個人はことごとく遮られている現実を識るために、
そして、
それと絶縁するためのテクノロジーを習得する前に。

正常化する技術

秩序で正常化させる技術は
メディアの内部、学校や国会で使われる。

権力による正常化のノウハウは
役所や工場、オフィスなど至る所で
もっとも平均的な思考力とともに
定着する。

メルトダウンを隠蔽する技術は
それを公開する技術よりも優れていたが
メルトダウンを正常化する技術は
時間以外に存在しない。

復興資本主義

大規模な復興の実態とは
耐震設計以前の構造救済の形態が
構造の貧困化の最大の原因であり
あらゆる生産的で安全な空間構造への
法律的な漸進的固定化によってもたらされる
固体的構造の緩慢な死は
つまり、40年以内だ。

リセットしない復興システムの
緩慢な死こそ
復興資本主義の強欲な形態でもある。

非再生的な固体

なぜなら、「宇宙には固体は存在しない。
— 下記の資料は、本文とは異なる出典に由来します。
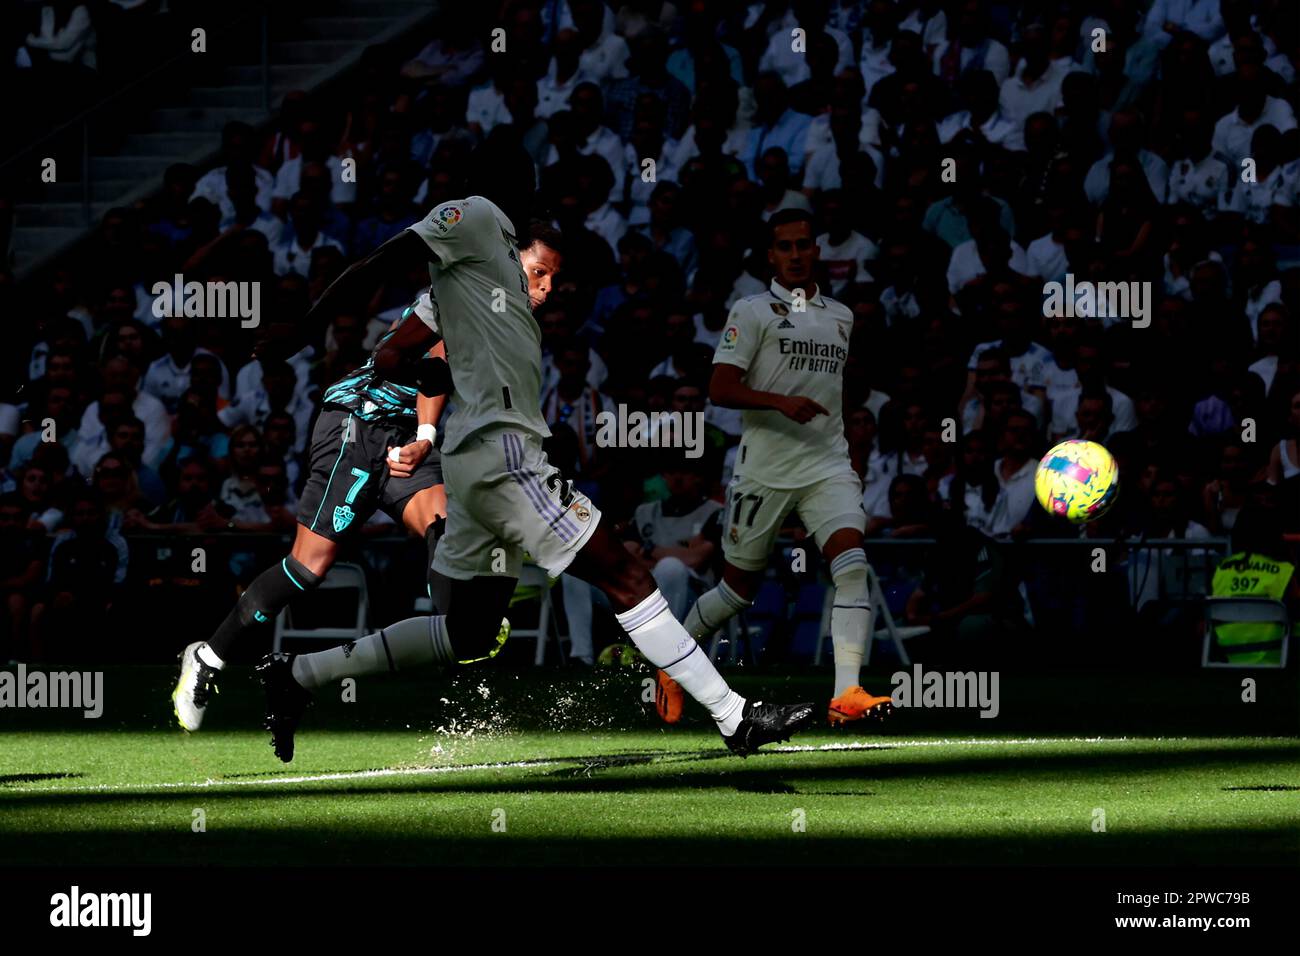 Madrid, Spain. 29th Apr, 2023. Madrid, Spain, 29.04.2023.- Almeria player Ramazani shot. Real Madrid vs Almeria match of the Spanish Soccer League on matchday 32 held at the Santiago Bernabeu Stadium in the capital of the Kingdom of Spain. Final result 4-2. Real Madrid goals from Benzema 2 ,17 , 42 (P), Rodrygo 47 . Goals from Almeria Lazaro Vinicius 40' 5, and Lucas Robertone 61' Credit: Juan Carlos Rojas/dpa/Alamy Live News Stock Photo
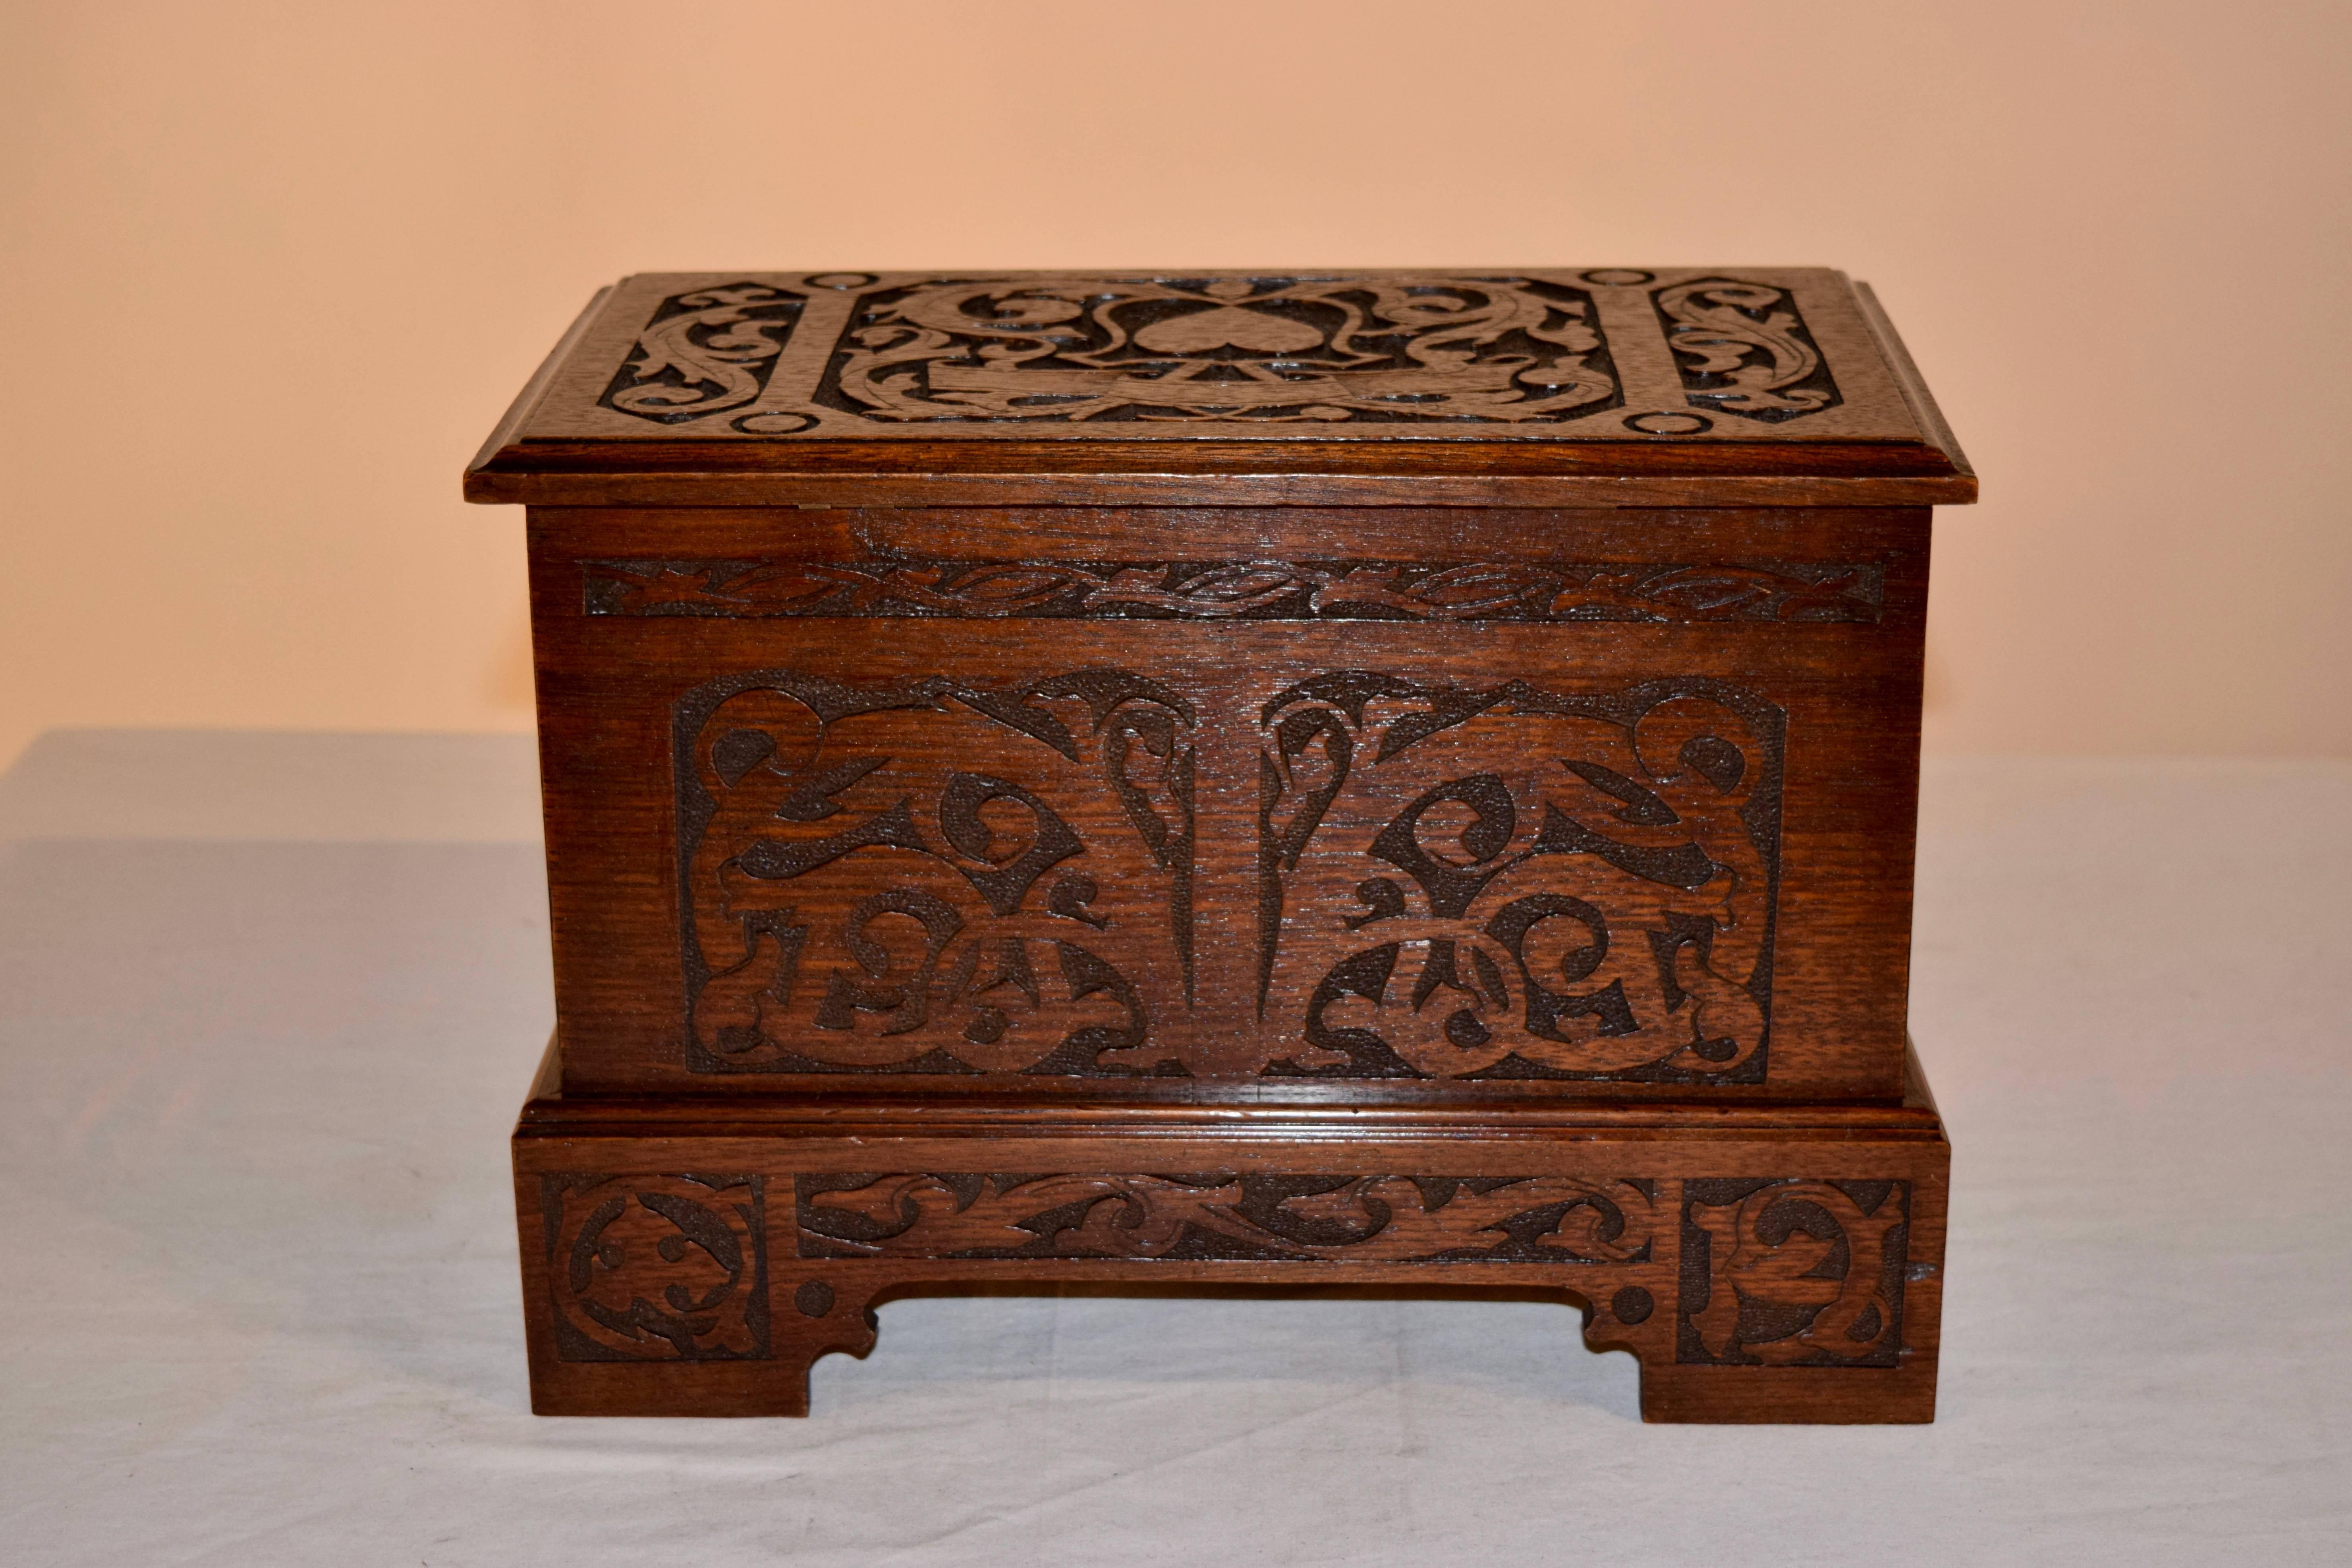 Late 19th century miniature blanket chest with lovely hand-carved decoration on three sides and the top has a carved heart. Great size.

」RBF
そして、固体物理学も存在しない。

固体(solid)という概念が
防波堤やビルディングの強度と剛性に対する
願望を存在させているのである。

短命な固体こそ、分子的に変化し崩壊している。

実際、その寿命は実質40年間であり
非再生的で短命である。

無秩序の秩序化

「防潮堤は景観だけでなく目の前の津波襲撃を
ブラインドする凶器の遮蔽壁となった」

津波に対する防波堤は
土木工事で富を稼ぐための
コンクリート(=固体的)な思考そのものである。

セメントで凝固させた硬化物(コンクリート)は、
無秩序の秩序というものを
分子的なレベルで組織してきた。

その無秩序な防潮堤は都市を取り巻いている。

無秩序の秩序化は
権力テクノロジーの基本的な方法論である。

防潮堤ほど、権力テクノロジーによる非構造化を
視覚化している高価な固体はないだろう。

共振する構造

3mの高さから落下させて、
バウンドして、その衝突のエネルギーによって
なおも共振しながらもさらにバウンドして
その衝撃をより短期間に減衰していく過程で
テンセグリティをより構造化する構造モデルは
そのシナジーの全体性を記述することの不可能なモデルであり、
その共振という現象を回避することの不可能な最初の構造である。

固有の周波数の電磁波と原子核が相互作用するように
われわれの生命を保護するための
共振する構造として。

よりコンクリートな構造

コンクリート(concrete)は
もはや凝結した固体的な物質観に支配された言語の一つである。

語源的には、<concretus(con-共に+crescere成長する>
成長過程を意味している。
そして、有形な明確な具体性を意味しはじめたのである。

テンセグリティ以上に構造を
張力と共に成長過程に曝す
つまり、より構造を<コンクリート>にするシステムは存在しない。

テンセグリティは、非固体的で圧縮材と張力材が
ついに凝結しない
永遠に動的に共存するコンクリートな構造である。

テンセグリティは、
間違って凝結した
われわれの言語を砕くために発見されたのだ。

構造をより構造化するシステム

壊滅された都市を復興させるのは
破壊される前の記憶である。

構造は最近の発見である。
構造は空間に関する知で継承された
古典的な問題でも最優先的な問題でもなかった。

構造をより構造化するシステムは、
構成部材の強度や剛性から到達できない
重さのない統合性なのだ。

構造をより構造化するシステムは
最近まで未知(unknown)であった。

真の構造を通過するエネルギーは
構造をより強化するように機能するノウハウを
人間はついに想像できなかった。

構造を通過するエネルギーと専ら闘っているだけである。